Je me sens comme sur un manège. Tout tourne autour de moi. ça va vite. Très vite. Je n'ai pas le temps de fixer mon regard que ça tourne encore.

- C'est sa mère qui l'a découvert. Il tournait sur lui-même à cause de la corde. T'imagines l'horreur ?? Moi, à  un moment, ça m'a traversé l'esprit aussi. Mais quand j'ai appris ça, recta, ça m'a calmé. Je préfère vivre, tu vois, et tant pis si on souffre. D't'façon, on vit pour souffrir alors ça sert à rien...

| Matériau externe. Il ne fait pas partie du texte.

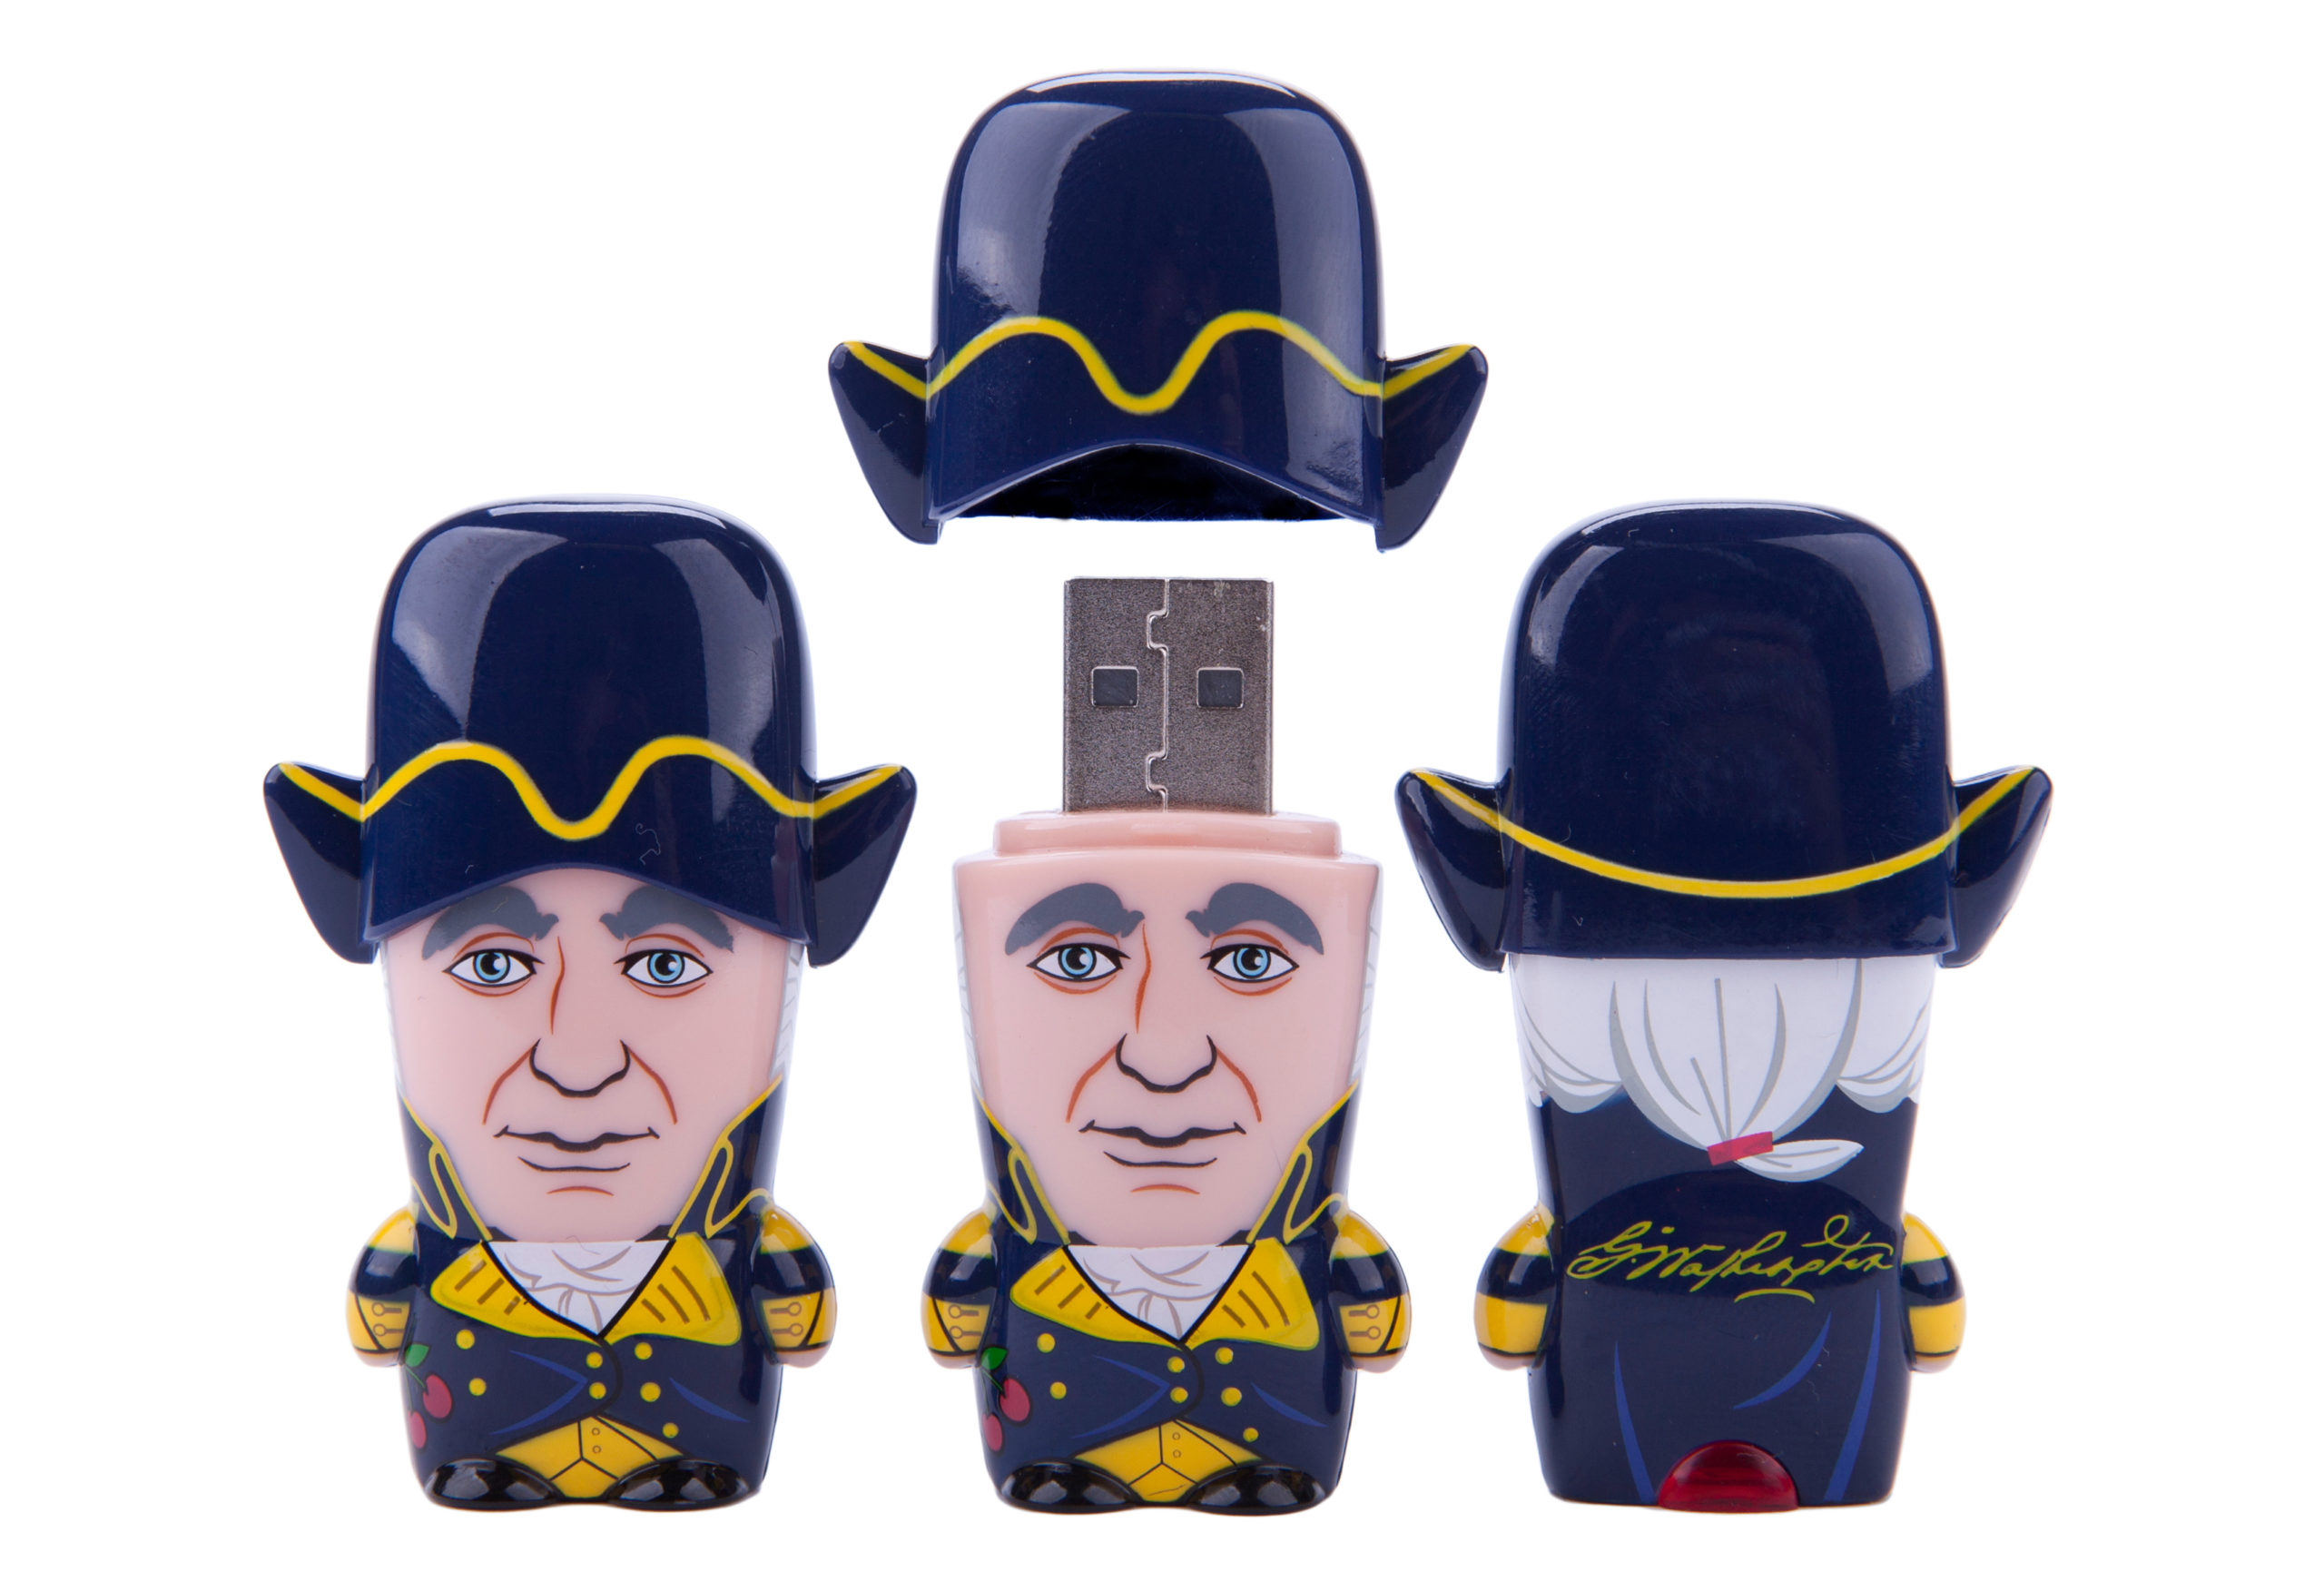 George Washington MIMOBOT USB flash drive for Mimoco

Mon estomac essaie de suivre le mouvement. Je ne sais plus comment me mettre. J'irais bien aux toilettes m'asperger le front. Je sue, je le sens, je goutte complètement. Il fait chaud. Je claque des dents. ça va pas vraiment.

- J'ai posé mon oreille dessus et la statue m'a parlé. Je savais que c'était pas vrai et en même temps... C'était réel. Elle m'a dit des trucs que je savais pas. Je lui ai demandé qui elle était, pourquoi elle était là. Et elle m'a répondu. Il n'y avait pas de son mais on se comprenait. C'était taré. Et j'ai vérifié après. Tout ce qu'elle m'a dit, c'était vrai.

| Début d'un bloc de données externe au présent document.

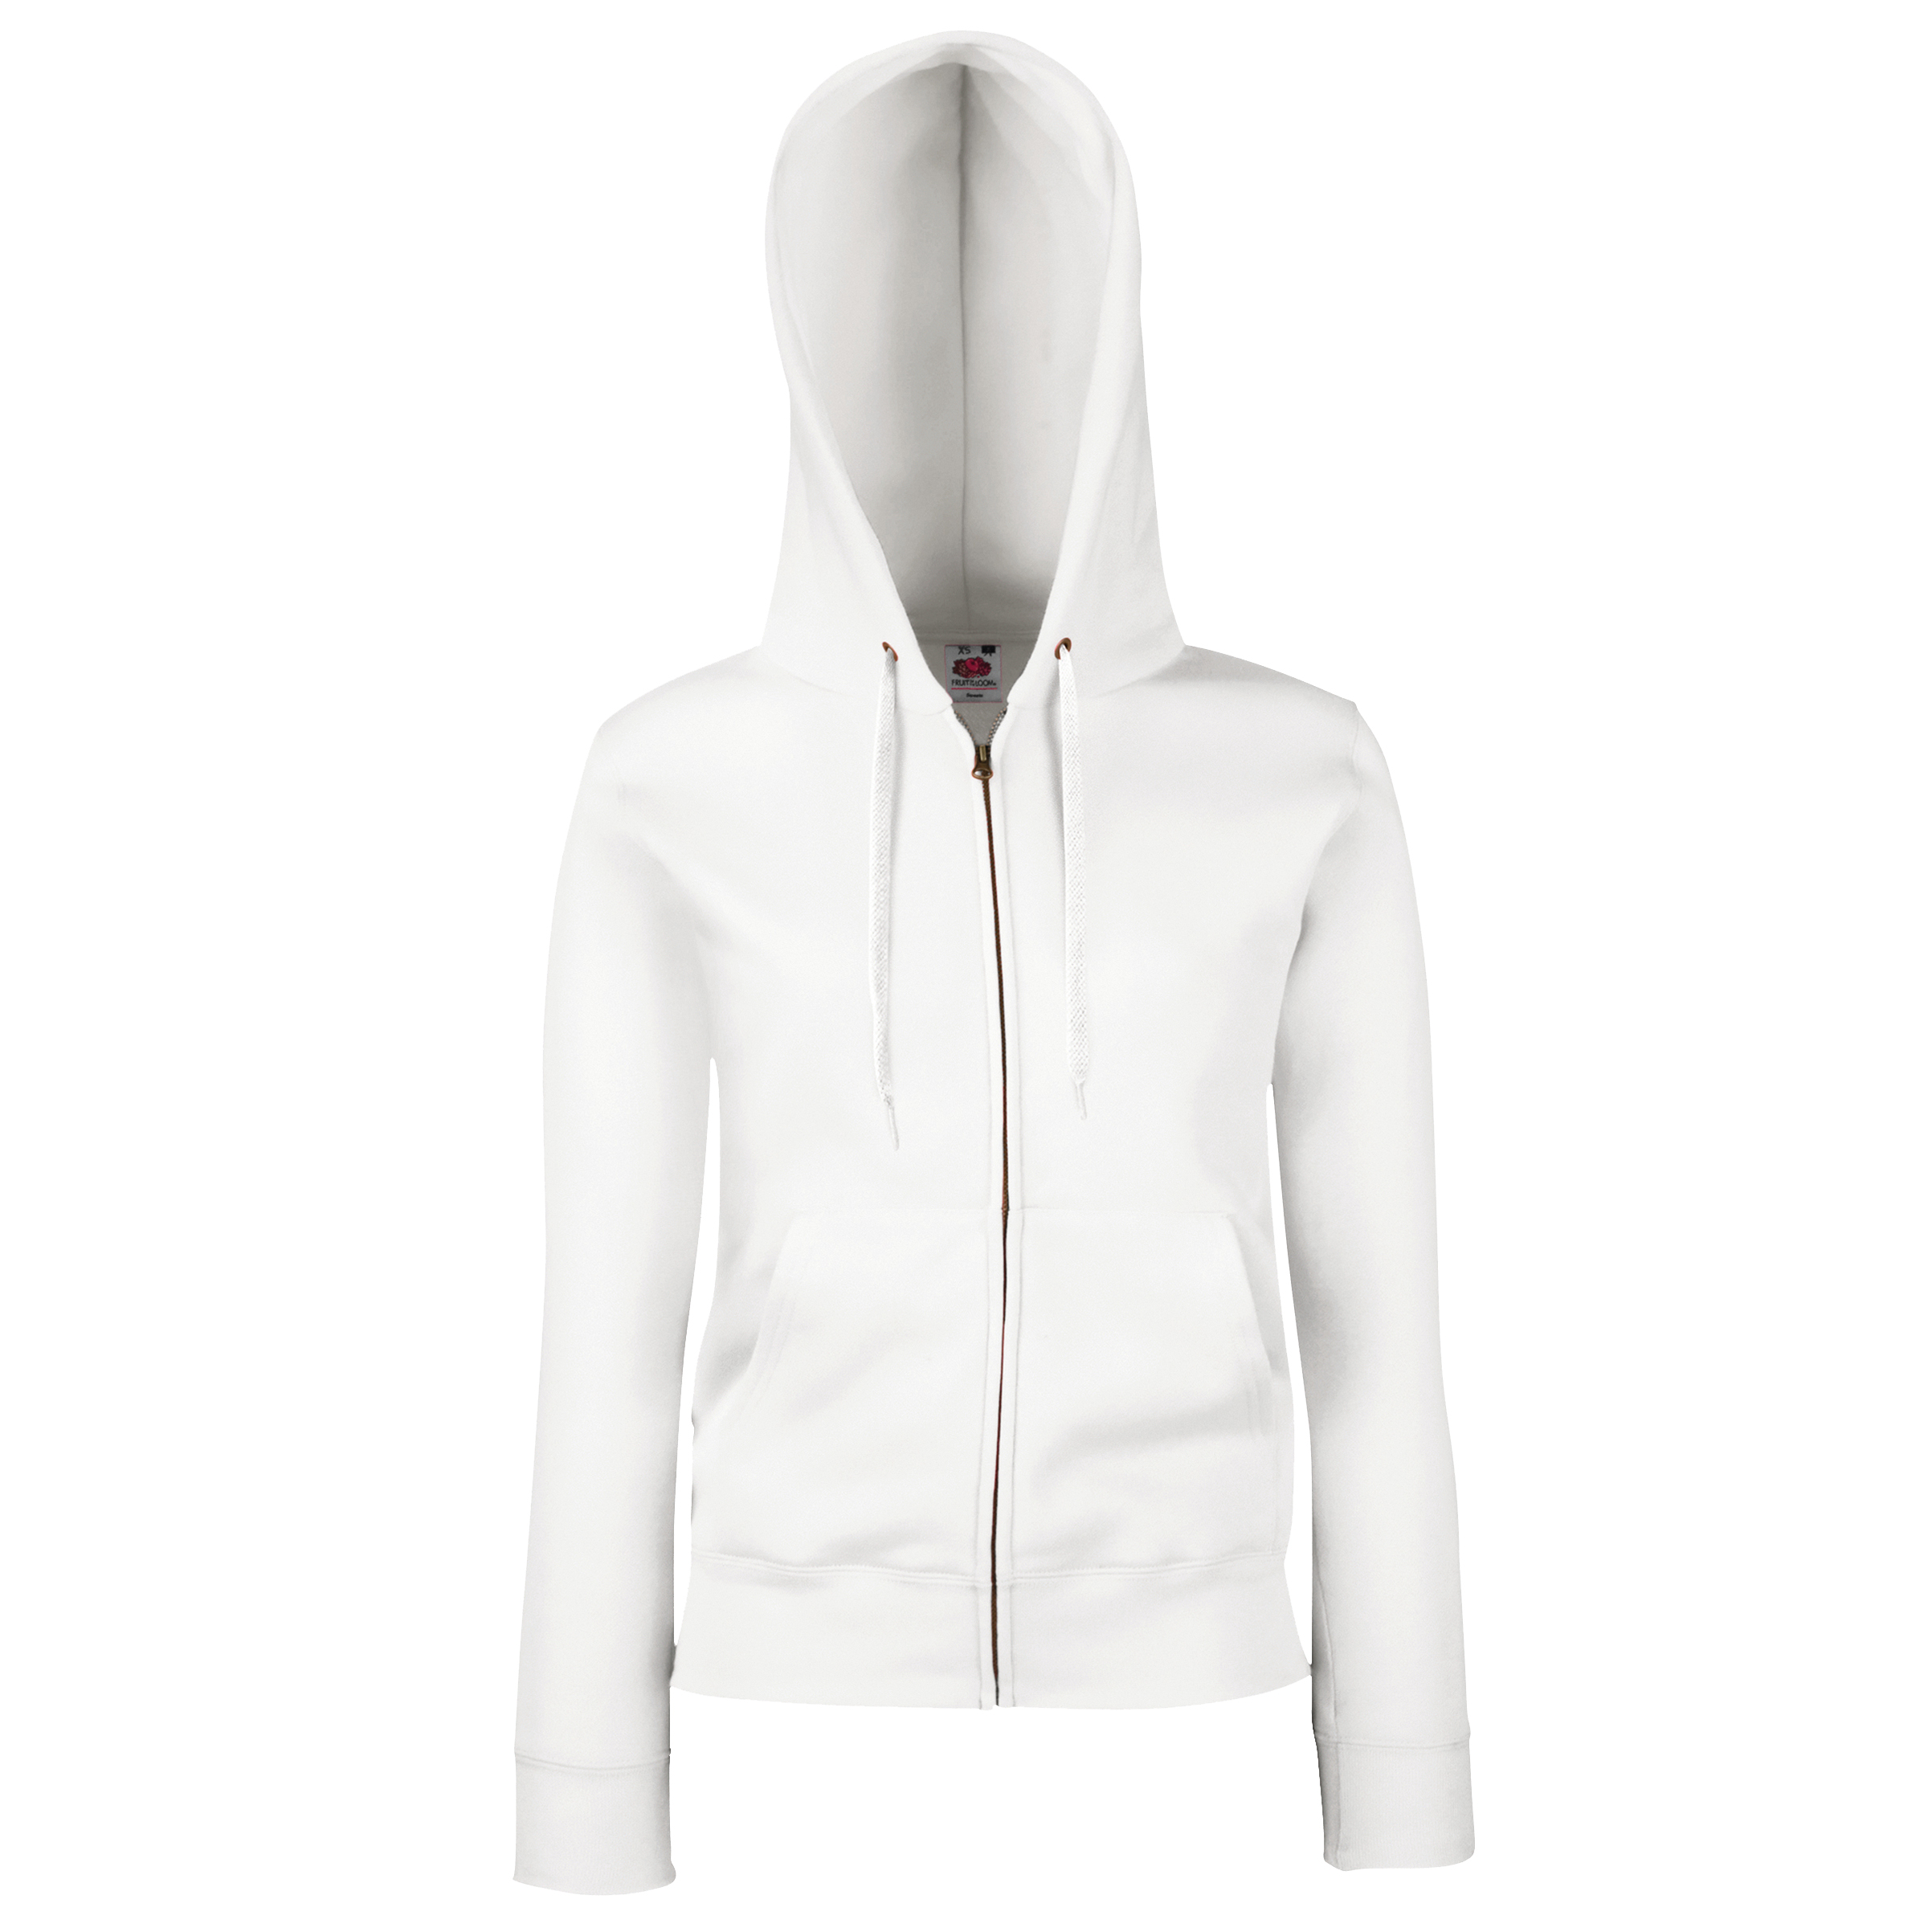 ax-httpswebsystems.s3.amazonaws.comtmp_for_downloadfruit-of-the-loom-womens-premium-70-30-hooded-sweatshirt-jacket-white.jpeg

La salle de bain se libère. Je fonce en me retenant de vomir. Toute cette fumée. Il faut que ça sorte. Je m'asperge d'eau froide. Rien n'y fait. C'est au fond de moi. J'ai envie de vomir mais je n'y arrive pas. Attendre, rester ici, attendre. Je m'asseois sur le siège et je le vois qui se moque de moi. Avec sa brosse entre les dents et son sourire moqueur. Il a beau n'être qu'un poster, je sais que c'est de moi que rit ce chimpanzé. Il n'y a personne d'autres ici. Pourquoi se moque t'il ? Je ne le connais pas. Moi, je le respecte. Et c'est facile de se moquer.

Je fais abstraction, je reprends mon souffle.

C'est le point qui faut faire. Alors, quelle est la suite à donner à cet évènement.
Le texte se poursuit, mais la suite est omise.